▶ DATASET SECTION:
====================

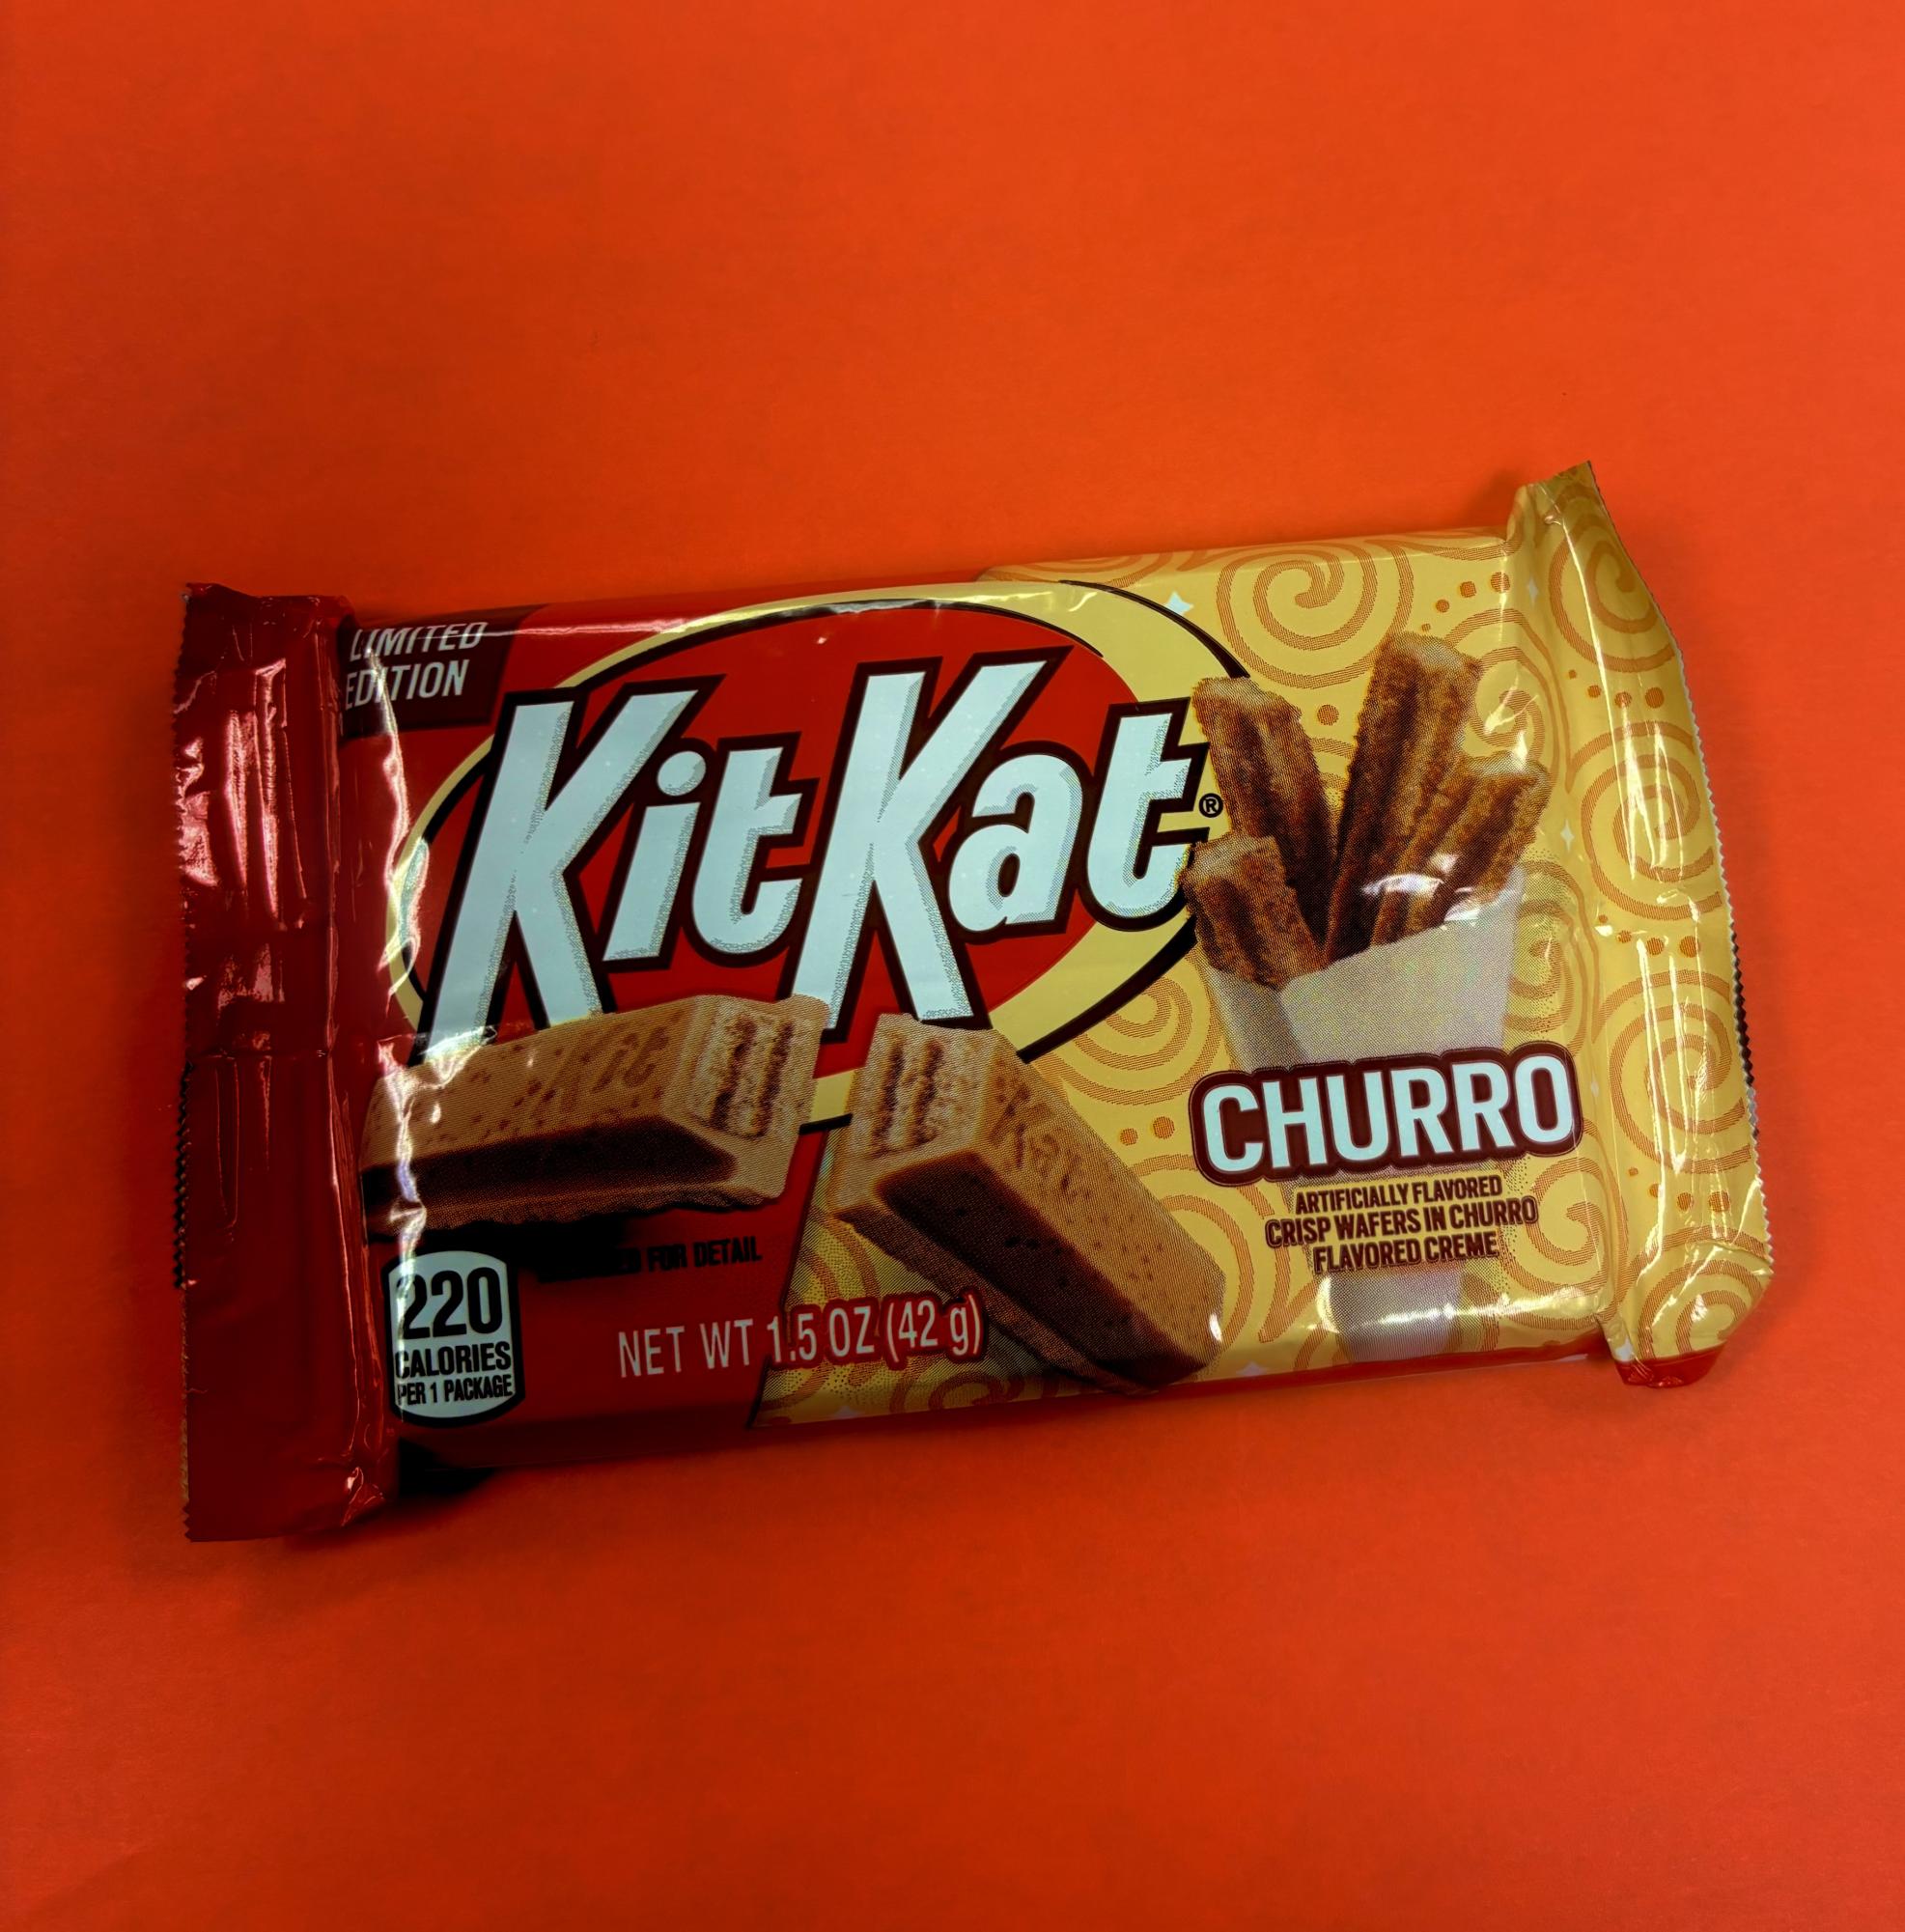 Amid this revolutionary era, KitKat dropped their Limited Edition Churro Flavored Bar. Aiming to defy expectations, this bar was designed to offer a new twist on the traditional churro flavor.
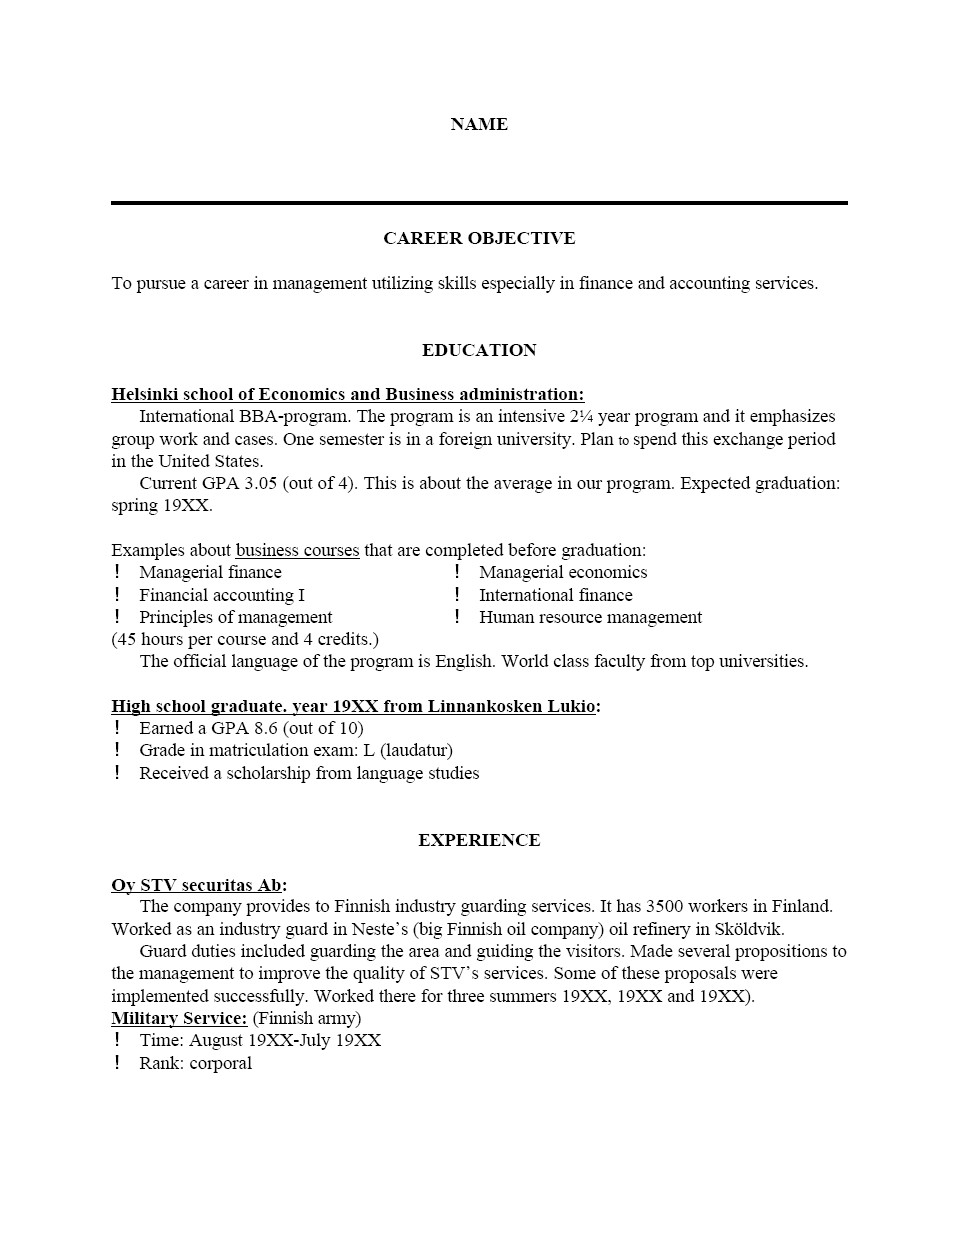 Free Sample Resume Templates Free Sample Resume Template Cover Letter and Resume
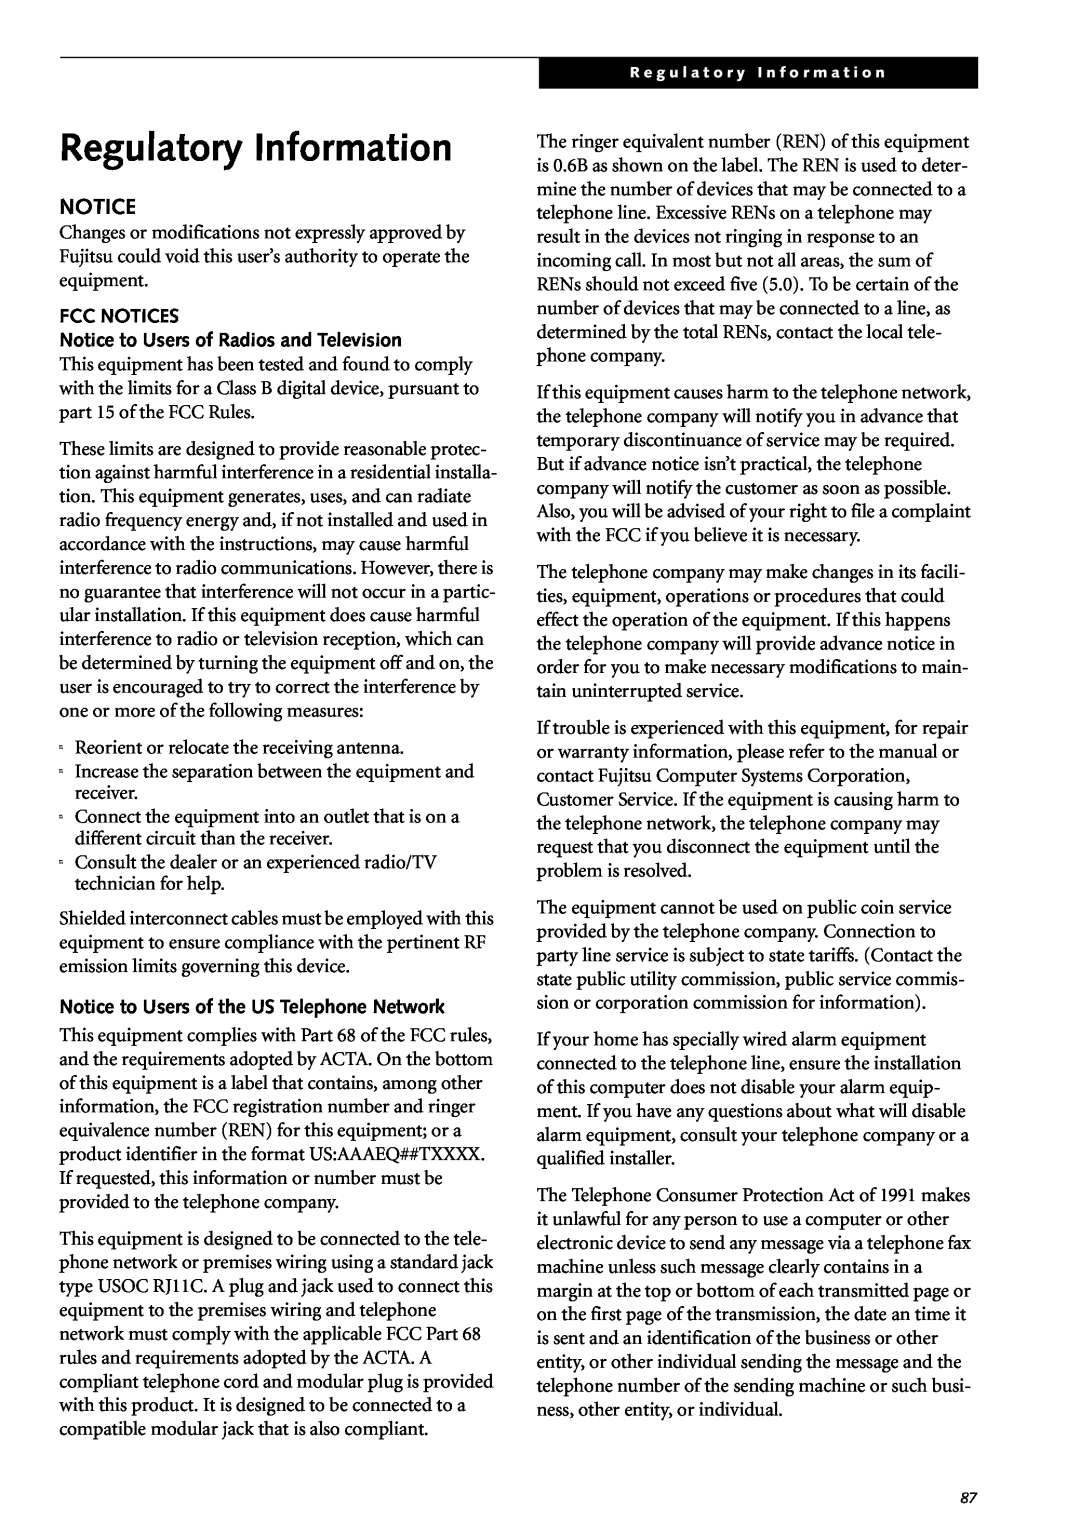 Fujitsu Siemens Computers S2210 manual Regulatory Information, FCC NOTICES Notice to Users of Radios and Television 
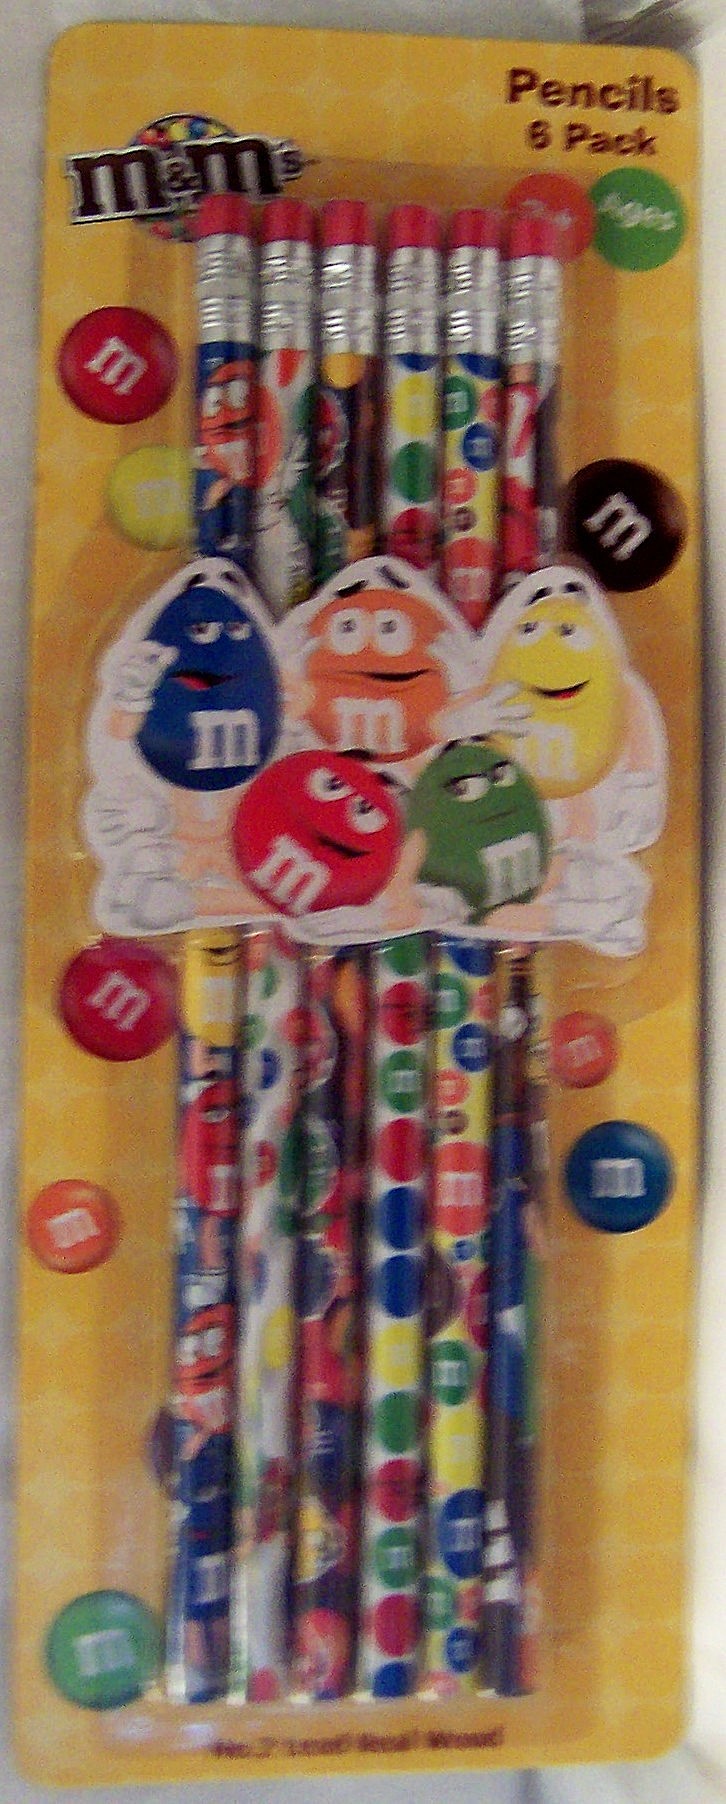 M&M'S Collectible Pencils 6 Pack New Front

====================

Would you print the material exactly once more, without any of its pictures?

 Amid this revolutionary era, KitKat dropped their Limited Edition Churro Flavored Bar. Aiming to defy expectations, this bar was designed to offer a new twist on the traditional churro flavor.
 Free Sample Resume Templates Free Sample Resume Template Cover Letter and Resume
 Fujitsu Siemens Computers S2210 manual Regulatory Information, FCC NOTICES Notice to Users of Radios and Television 
 M&M'S Collectible Pencils 6 Pack New Front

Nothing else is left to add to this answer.